William de Leftwich Dodge (March 8, 1867 - March 25, 1935) was an American artist best known for his murals, which were commissioned for both public and private buildings.

==Early life and education==
Dodge was born at Liberty, Virginia, in the Piedmont near Lynchburg. In 1879, his mother, Mary de Leftwich Dodge, an aspiring artist, moved her family to Europe. After living initially in Munich they moved to Paris, where she worked on art. Dodge later followed her example and became an artist. He spent most of his childhood years in France, where his mother was working on art. He studied at the École des Beaux Arts and took first place in the examinations in 1881. He also studied under Jean-Léon Gérôme and with Raphaël Collin at the Académie Colarossi, and traveled to Munich for studies there.

==Career==
===Early commissions===
Dodge received early commissions that gained him attention in the United States, first at the Columbian Exposition of 1893 in Chicago where his mural "Glorification of the Arts and Sciences" adorned the interior dome of the Administration Building. The exposition was held to mark the 400th anniversary of Christopher Columbus's arrival in the New World.
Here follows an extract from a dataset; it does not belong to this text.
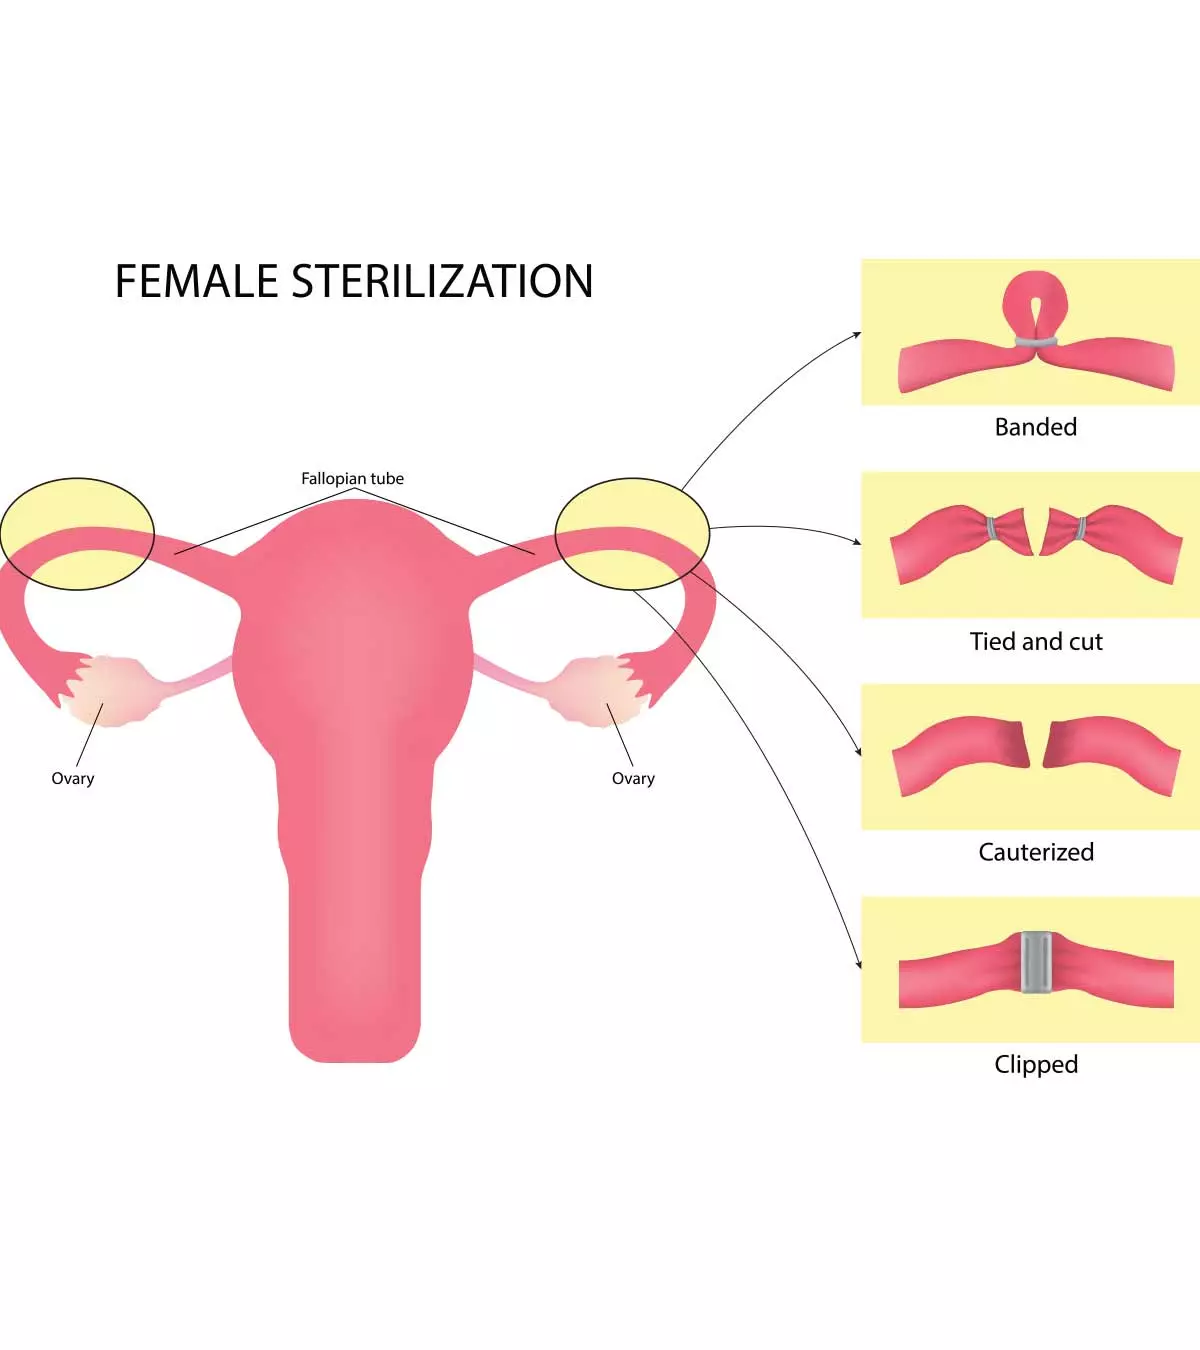 महिला नसबंदी: प्रक्रिया, लागत व ऑपरेशन के बाद देखभाल | Female Sterilization In Hindi

He was living in Paris when he applied for commissions for mural works for the Library of Congress, which he completed in 1895.

===New York City===
After he and his family settled in New York, Dodge taught at the Art Students League of New York and at Cooper Union.

He became known as a muralist when the genre was at a peak of popularity, commissioned for major public buildings as well as hotels and mansions. Murals were seen as a kind of art that could reach directly to the people. Dodge drew on a variety of styles for his murals, settling on a heroic, neoclassical look. Achieving success with commissions for his murals, Dodge designed his family home in Setauket, Long Island, in 1906, the classical Villa Francesca, named after his wife.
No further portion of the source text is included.